Introduction

Chordomas and chondrosarcomas are rare among malignancies and mainly affect the skull base, sacrum bones, and vertebral column (less). These tumours arise from either notochordal remnants or mesenchymal cells. Because of their critical location and high local recurrence rate, even though they have a low risk of metastasis, skull-base CA and CSA are challenging to treat [1]. Their management requires a multidisciplinary approach. As gross tumour resection is not achievable in the majority of cases, RT is of vital importance. Moreover, a high total dose (≥ 70 Gy) is needed to achieve adequate tumour control. Photon therapy, the most widely available irradiation treatment, usually shows inferior clinical outcomes due to the inability to strike a balance between delivering an effective dose and respecting normal tissue tolerance.

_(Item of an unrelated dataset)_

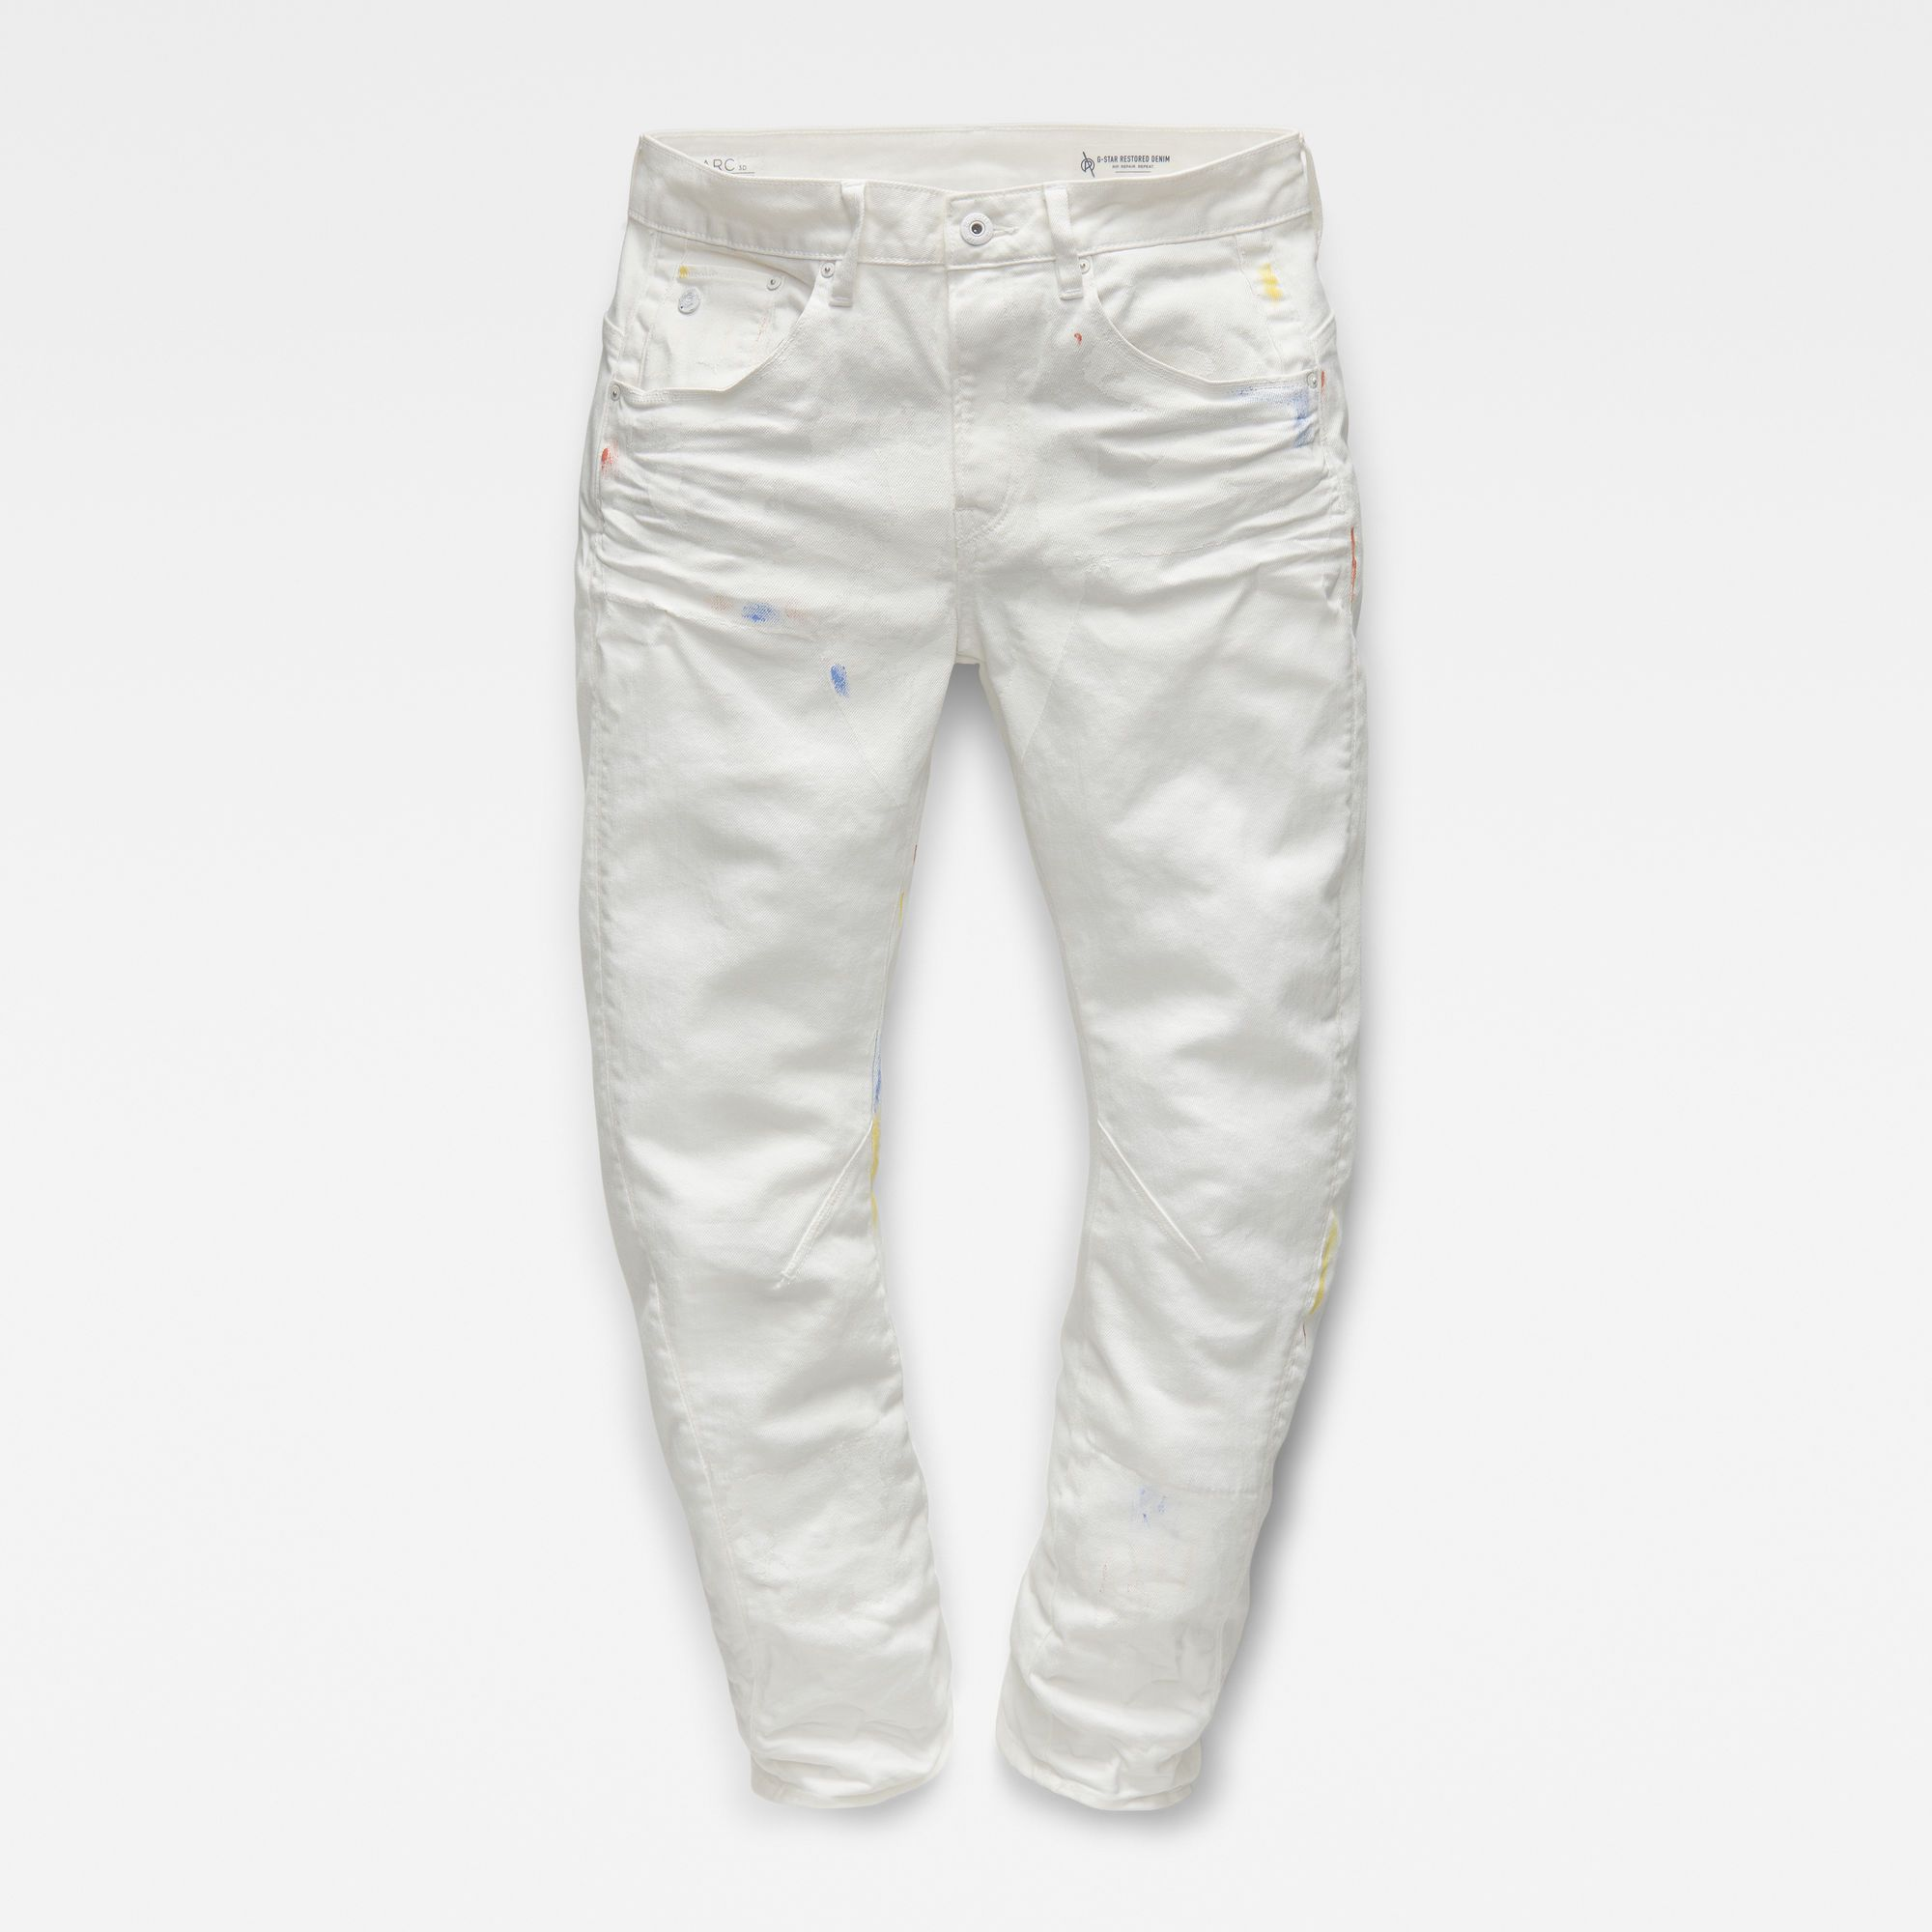 G-Star RAW Arc 3D Mid Waist Boyfriend 7/8 Jeans

Historically, these malignancies (CA and CSA) were the first targets for proton therapy (PT) [2]. In 1999, Munzenrider et al. published the largest series of CA/CSA patients treated with PT in Massachusetts General Hospital to date, consisting of 519 cases. The 5-year results showed local relapse-free rates of 73% for CA and 98% for CSA [3]. Another remarkable article from Loma-Linda University outlined two necessary treatment volumes, high- and low-risk, which is now mandatory used for CA/CSA target contouring [4].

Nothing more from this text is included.